The Four Rivers of Paradise in place
Now that the rivers were in place I was able to start working on the four part garden, or Chahar Bagh.    This was the trickiest part as my pebbles were not the most refined and I was under time constraints.  I couldn't start work until the sun had passed over the house and there was a shadow over my work space.  It was in the high 80's and 90's so the time I had to set the pebbles was shortened by the speed with which the mortar would dry.  I had a limited range of colors to work with to make convincing beds of plants.  So the design was in part determined by the quantities of pebbles I had.  I used tiny black Mexican beach pebbles to make small planting beds that alluded to plowed soil with simple stylized flowers in them.  The predominant plants in the garden around this house are tall Italian Cypress trees, and handsome Olive trees, so I opted to make both types of trees in rectangles in the corners.



I finished the work right on schedule, with a sore back and a mess to clean up.  I had to leave the acid wash cleaning to a maintenance contractor as I flew home the next day.

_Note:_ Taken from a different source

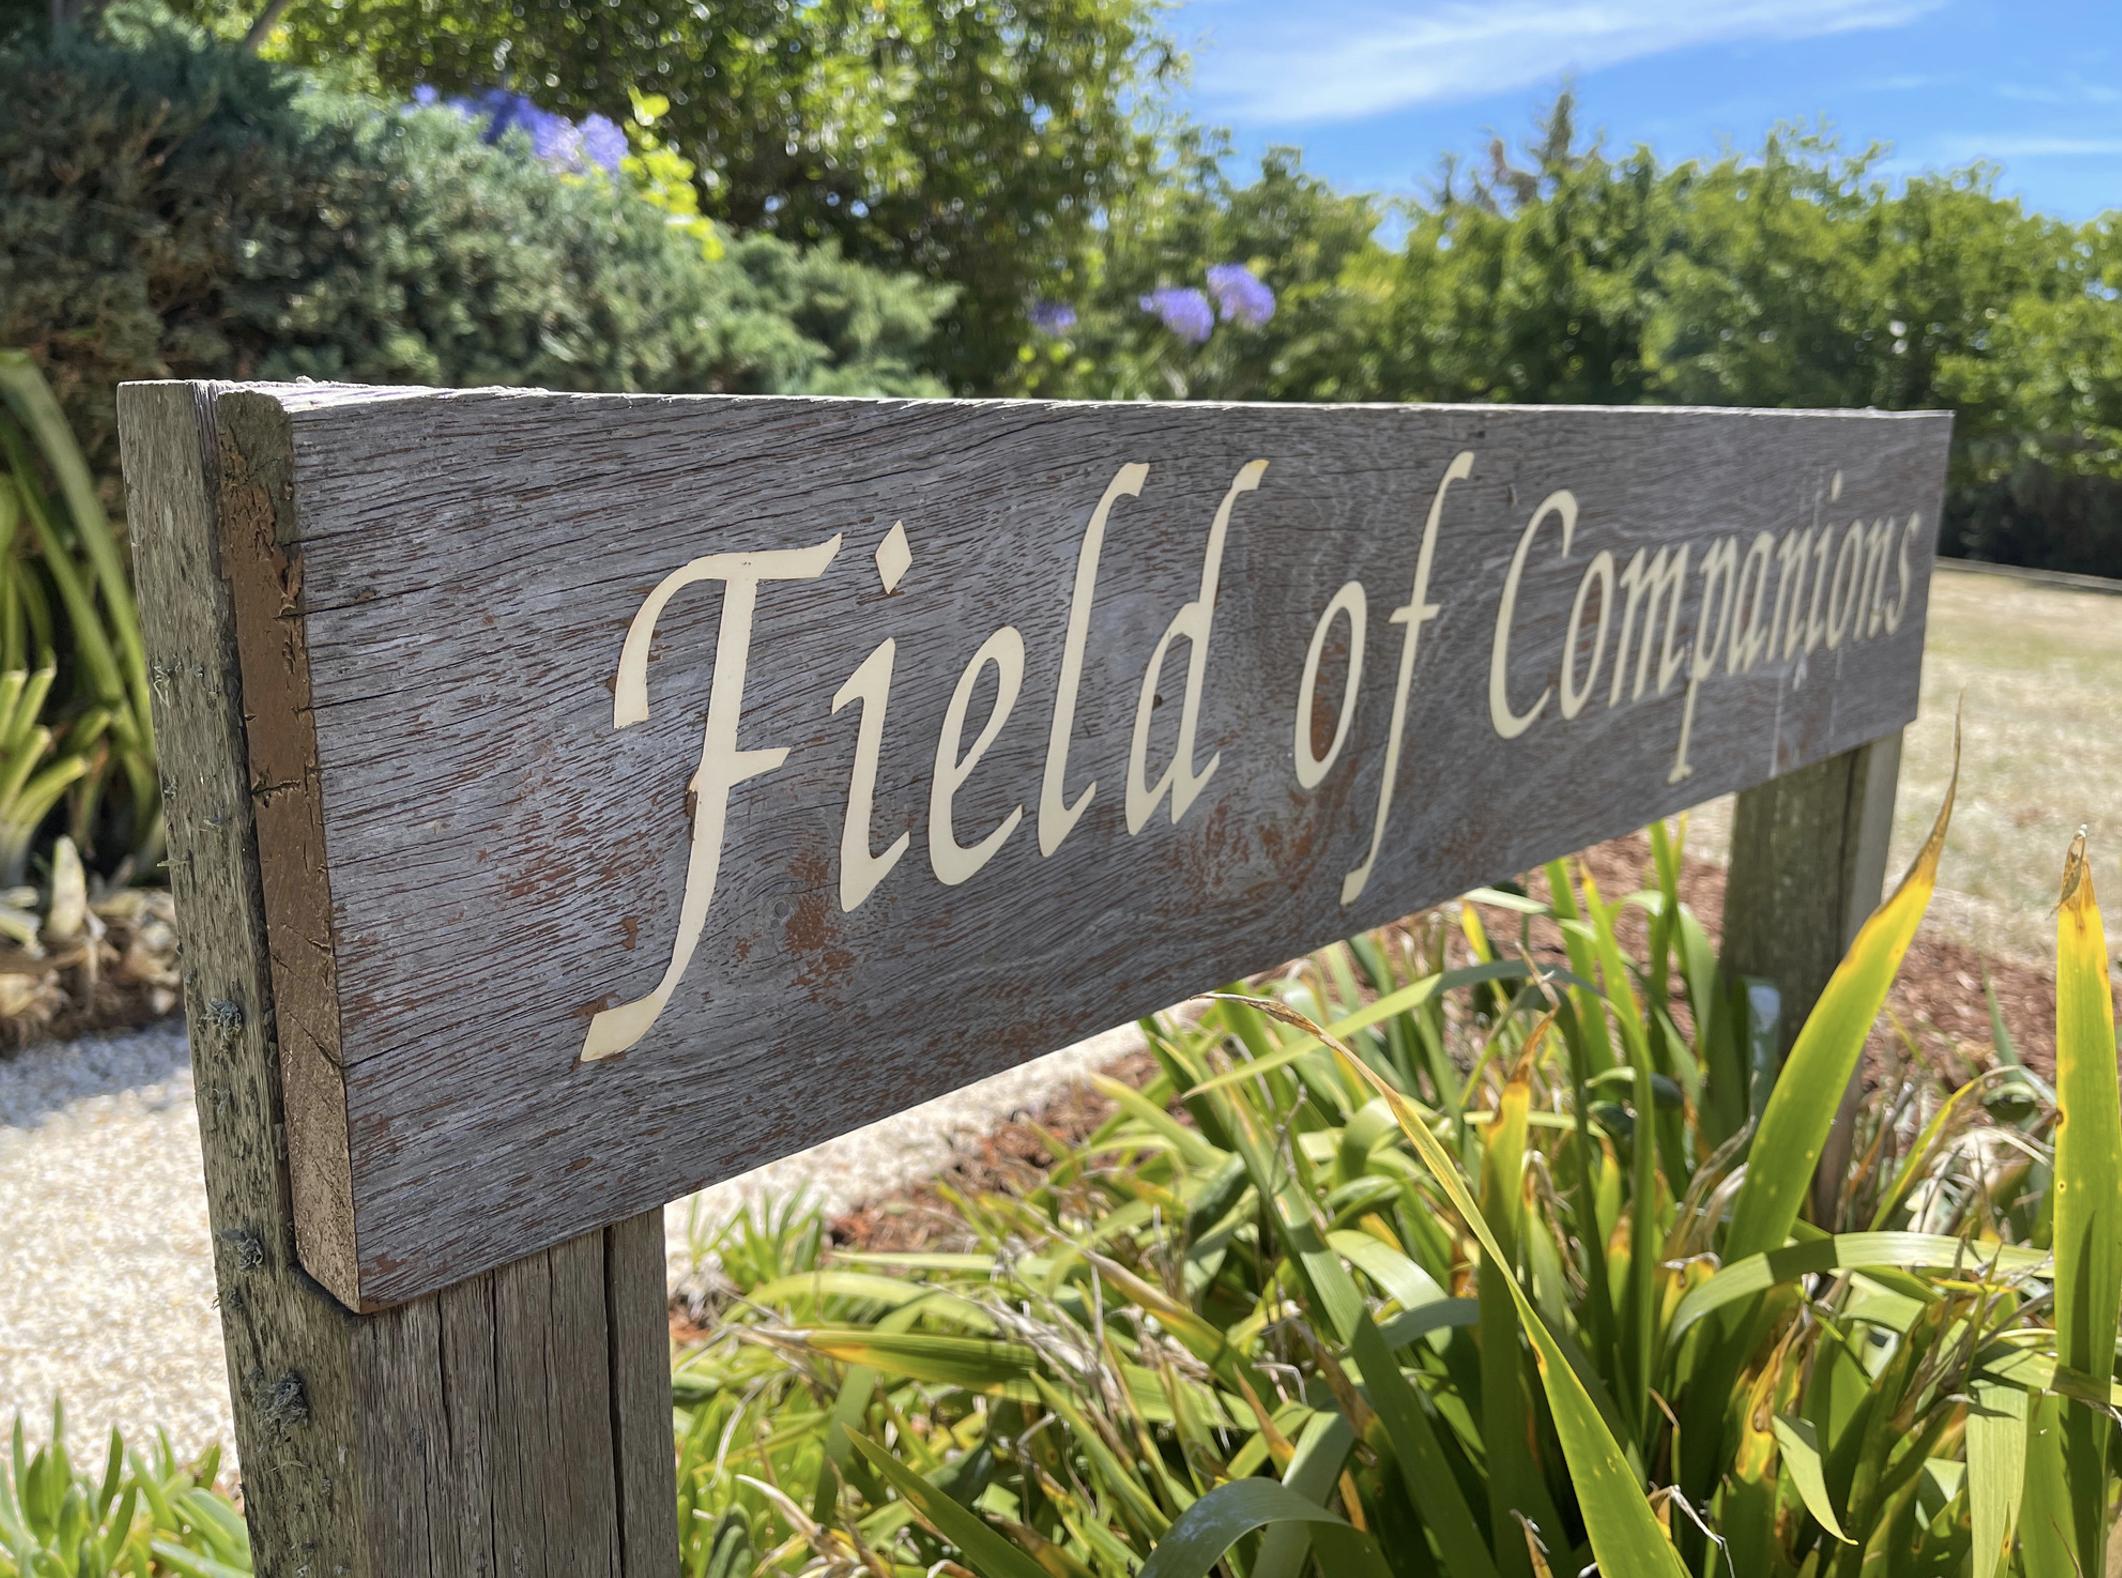 Field of Companions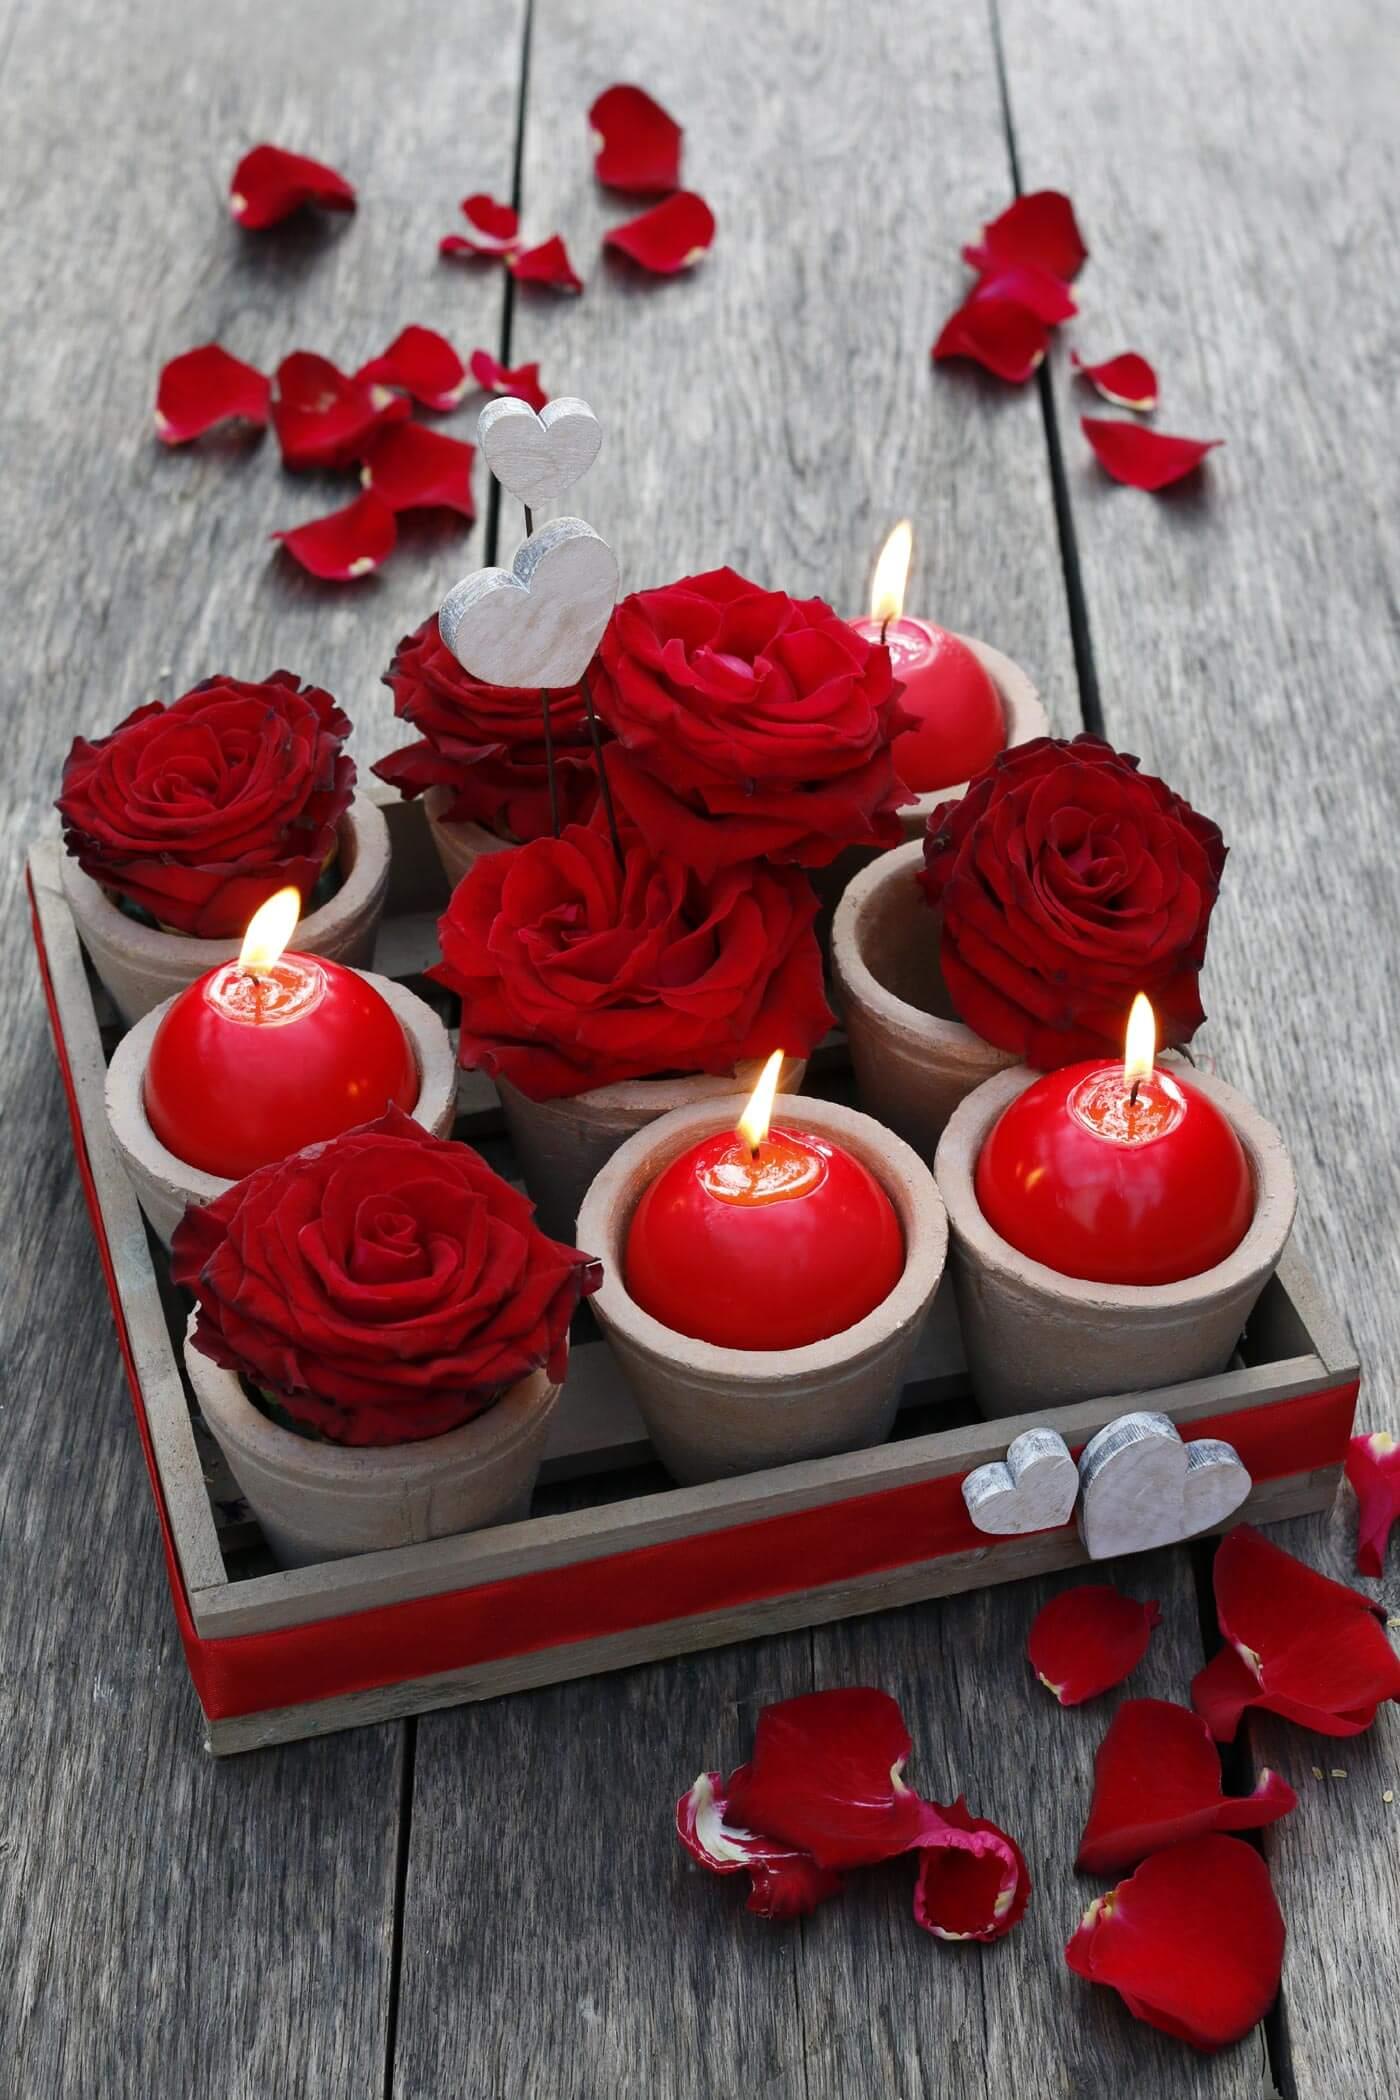 romantische tischdeko mit rosen diy anleitung. Black Bedroom Furniture Sets. Home Design Ideas

I instructed them to let the mortar cure for two weeks before pouring a diluted mix of one part Muriatic Acid mixed with two parts water, letting it disolve the mortar film that make a greyish cast on the pebbles.  The acid also exposes some sand in the mortar so it isn't a white cement look between the stones.  Adequate protection, long sleeves, chemical proof long gloves, and a respirator are needed.  The fizzling mixture of the acid reacting to the base in the mortar is hosed off with a spray nozzle which further dilutes and neutralizes the acid.

Freshly acid washed mosaic
The lawn was then replaces where it had been damaged.  The final photo is one taken with someone's phone.  I don't think I'll ever be back to see it again.

The completed Four Rivers of Paradise Carpet Mosaic
I'm sure this wont be the last carpet mosaic I'll be building.  They work well as a design element in the right setting in a garden, have the potential for lovely references, and do a nice job of bridging architecture and nature in to a work of art.  And they allude to paradise, which is what gardening is all about for me.

A magnificent Persian carpet with Cypress trees in a lush garden
Thanks for reading, Jeffrey






































































1 comment:

  1. Thank you for sharing your process and history here. I am inspired to design a patio pattern for our forest garden at the base of Mt Hood.